→ **WHAT TO PRODUCE**:
Copy the records below word for word. Stop after the line that contains "Cerca de un".

━━━━━━━━━━━━━━━━

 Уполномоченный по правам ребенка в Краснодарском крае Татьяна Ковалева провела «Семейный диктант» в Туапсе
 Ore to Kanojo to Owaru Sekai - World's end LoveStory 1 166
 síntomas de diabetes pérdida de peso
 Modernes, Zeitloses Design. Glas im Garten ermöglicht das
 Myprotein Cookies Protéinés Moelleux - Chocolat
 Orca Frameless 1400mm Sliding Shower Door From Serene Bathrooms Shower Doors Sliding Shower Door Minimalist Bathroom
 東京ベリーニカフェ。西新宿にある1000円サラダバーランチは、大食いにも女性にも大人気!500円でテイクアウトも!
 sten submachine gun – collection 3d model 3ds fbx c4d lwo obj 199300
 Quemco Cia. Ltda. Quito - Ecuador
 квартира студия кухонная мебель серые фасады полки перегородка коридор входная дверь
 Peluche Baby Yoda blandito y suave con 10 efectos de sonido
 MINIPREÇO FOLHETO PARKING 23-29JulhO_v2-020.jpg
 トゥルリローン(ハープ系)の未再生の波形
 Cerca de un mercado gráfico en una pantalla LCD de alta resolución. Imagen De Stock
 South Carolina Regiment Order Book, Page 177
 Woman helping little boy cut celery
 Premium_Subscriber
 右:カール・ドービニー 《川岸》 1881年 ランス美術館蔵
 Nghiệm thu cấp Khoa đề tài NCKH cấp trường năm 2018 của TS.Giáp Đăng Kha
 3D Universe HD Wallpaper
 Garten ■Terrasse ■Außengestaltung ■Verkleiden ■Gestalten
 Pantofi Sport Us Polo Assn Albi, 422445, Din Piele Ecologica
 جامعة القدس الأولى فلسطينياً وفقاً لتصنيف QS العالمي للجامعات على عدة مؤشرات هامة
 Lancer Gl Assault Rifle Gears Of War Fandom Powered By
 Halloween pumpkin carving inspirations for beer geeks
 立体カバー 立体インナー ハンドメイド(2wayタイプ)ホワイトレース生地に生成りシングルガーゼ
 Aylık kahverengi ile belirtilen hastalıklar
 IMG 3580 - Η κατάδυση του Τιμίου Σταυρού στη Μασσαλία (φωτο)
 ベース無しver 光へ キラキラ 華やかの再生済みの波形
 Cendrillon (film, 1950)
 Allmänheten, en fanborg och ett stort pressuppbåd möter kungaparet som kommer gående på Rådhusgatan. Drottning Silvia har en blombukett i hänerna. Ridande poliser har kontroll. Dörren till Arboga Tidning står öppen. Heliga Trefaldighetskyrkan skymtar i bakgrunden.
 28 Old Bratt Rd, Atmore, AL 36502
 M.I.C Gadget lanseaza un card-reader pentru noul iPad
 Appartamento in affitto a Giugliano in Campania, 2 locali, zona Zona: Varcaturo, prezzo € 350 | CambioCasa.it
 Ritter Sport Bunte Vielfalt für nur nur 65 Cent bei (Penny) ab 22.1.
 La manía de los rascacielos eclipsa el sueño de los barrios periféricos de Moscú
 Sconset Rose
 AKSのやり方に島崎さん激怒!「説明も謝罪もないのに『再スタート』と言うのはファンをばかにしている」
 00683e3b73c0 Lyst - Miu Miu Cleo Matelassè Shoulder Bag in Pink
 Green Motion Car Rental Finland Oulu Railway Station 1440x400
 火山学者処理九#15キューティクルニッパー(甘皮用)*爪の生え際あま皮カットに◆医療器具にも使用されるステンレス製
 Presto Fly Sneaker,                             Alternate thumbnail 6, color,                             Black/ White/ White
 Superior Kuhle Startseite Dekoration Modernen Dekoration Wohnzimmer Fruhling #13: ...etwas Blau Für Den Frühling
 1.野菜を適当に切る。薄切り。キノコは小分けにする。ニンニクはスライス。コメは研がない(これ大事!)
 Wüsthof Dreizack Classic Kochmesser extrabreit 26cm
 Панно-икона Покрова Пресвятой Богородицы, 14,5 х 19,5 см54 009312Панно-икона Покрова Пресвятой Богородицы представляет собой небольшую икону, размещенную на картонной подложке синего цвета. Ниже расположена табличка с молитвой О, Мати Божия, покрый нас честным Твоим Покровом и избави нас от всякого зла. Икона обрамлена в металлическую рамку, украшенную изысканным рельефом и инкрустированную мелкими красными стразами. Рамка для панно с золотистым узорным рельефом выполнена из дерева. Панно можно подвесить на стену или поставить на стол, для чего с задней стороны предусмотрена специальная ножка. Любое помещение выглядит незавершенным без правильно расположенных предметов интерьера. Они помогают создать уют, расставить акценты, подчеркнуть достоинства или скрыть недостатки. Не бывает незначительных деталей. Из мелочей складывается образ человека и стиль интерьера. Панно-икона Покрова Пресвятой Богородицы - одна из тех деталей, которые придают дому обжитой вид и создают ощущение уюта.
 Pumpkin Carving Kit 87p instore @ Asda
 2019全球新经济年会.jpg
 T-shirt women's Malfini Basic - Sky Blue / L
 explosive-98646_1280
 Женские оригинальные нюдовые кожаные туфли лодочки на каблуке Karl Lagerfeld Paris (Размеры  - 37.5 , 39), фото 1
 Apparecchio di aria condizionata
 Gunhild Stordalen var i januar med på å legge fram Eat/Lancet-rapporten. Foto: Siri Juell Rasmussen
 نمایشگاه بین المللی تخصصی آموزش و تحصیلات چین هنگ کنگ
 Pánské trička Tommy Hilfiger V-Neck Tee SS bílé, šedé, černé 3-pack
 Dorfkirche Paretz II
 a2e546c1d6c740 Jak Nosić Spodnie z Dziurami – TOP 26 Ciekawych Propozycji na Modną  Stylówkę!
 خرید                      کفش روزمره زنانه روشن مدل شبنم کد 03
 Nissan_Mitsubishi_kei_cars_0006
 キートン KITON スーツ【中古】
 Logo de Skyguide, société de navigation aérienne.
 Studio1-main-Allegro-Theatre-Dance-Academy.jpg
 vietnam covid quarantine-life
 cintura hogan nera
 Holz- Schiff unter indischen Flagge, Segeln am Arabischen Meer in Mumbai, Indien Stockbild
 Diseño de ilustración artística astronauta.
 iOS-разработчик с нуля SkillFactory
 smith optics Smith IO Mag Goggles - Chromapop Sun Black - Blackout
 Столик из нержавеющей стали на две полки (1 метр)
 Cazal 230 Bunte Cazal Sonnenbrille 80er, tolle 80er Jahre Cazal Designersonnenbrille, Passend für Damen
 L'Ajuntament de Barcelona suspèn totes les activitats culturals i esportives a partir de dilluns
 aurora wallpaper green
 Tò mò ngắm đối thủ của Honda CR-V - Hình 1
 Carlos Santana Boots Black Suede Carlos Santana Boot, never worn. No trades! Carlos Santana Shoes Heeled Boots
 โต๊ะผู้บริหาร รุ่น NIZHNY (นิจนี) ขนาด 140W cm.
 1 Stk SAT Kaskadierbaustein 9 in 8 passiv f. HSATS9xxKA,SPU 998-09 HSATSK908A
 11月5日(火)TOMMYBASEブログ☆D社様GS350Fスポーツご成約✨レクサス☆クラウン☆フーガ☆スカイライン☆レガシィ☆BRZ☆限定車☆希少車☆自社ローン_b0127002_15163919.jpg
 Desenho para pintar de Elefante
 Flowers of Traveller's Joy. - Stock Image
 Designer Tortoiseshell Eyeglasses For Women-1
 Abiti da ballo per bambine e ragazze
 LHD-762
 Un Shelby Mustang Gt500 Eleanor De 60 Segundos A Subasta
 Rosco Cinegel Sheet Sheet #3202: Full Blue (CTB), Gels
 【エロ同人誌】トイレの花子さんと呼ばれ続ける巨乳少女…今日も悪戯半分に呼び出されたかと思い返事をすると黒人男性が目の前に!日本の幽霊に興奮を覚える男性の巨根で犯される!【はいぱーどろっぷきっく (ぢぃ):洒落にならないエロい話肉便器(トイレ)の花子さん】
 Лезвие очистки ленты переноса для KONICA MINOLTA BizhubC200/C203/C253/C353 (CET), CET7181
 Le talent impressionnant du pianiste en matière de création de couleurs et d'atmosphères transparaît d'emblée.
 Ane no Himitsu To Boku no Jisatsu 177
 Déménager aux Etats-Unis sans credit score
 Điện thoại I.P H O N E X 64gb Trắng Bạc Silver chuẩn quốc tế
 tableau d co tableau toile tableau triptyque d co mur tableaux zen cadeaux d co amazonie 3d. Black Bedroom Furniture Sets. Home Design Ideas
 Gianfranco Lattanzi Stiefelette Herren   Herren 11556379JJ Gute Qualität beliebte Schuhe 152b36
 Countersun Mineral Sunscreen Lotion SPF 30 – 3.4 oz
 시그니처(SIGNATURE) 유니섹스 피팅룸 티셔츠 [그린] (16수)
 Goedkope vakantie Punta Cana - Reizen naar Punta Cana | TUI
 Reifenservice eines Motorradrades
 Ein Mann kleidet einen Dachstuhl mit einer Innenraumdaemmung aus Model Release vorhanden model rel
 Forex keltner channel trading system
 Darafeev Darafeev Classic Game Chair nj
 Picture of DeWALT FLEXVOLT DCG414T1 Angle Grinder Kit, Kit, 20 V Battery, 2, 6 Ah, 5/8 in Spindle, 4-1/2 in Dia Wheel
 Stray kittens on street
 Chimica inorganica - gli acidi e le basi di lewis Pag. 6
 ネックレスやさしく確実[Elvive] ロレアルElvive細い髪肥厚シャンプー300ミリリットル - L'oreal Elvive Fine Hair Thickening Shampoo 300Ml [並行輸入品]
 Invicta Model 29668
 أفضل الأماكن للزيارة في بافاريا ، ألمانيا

━━━━━━━━━━━━━━━━

→ **OUTPUT OF THE EXERCISE**:
 Уполномоченный по правам ребенка в Краснодарском крае Татьяна Ковалева провела «Семейный диктант» в Туапсе
 Ore to Kanojo to Owaru Sekai - World's end LoveStory 1 166
 síntomas de diabetes pérdida de peso
 Modernes, Zeitloses Design. Glas im Garten ermöglicht das
 Myprotein Cookies Protéinés Moelleux - Chocolat
 Orca Frameless 1400mm Sliding Shower Door From Serene Bathrooms Shower Doors Sliding Shower Door Minimalist Bathroom
 東京ベリーニカフェ。西新宿にある1000円サラダバーランチは、大食いにも女性にも大人気!500円でテイクアウトも!
 sten submachine gun – collection 3d model 3ds fbx c4d lwo obj 199300
 Quemco Cia. Ltda. Quito - Ecuador
 квартира студия кухонная мебель серые фасады полки перегородка коридор входная дверь
 Peluche Baby Yoda blandito y suave con 10 efectos de sonido
 MINIPREÇO FOLHETO PARKING 23-29JulhO_v2-020.jpg
 トゥルリローン(ハープ系)の未再生の波形
 Cerca de un mercado gráfico en una pantalla LCD de alta resolución. Imagen De Stock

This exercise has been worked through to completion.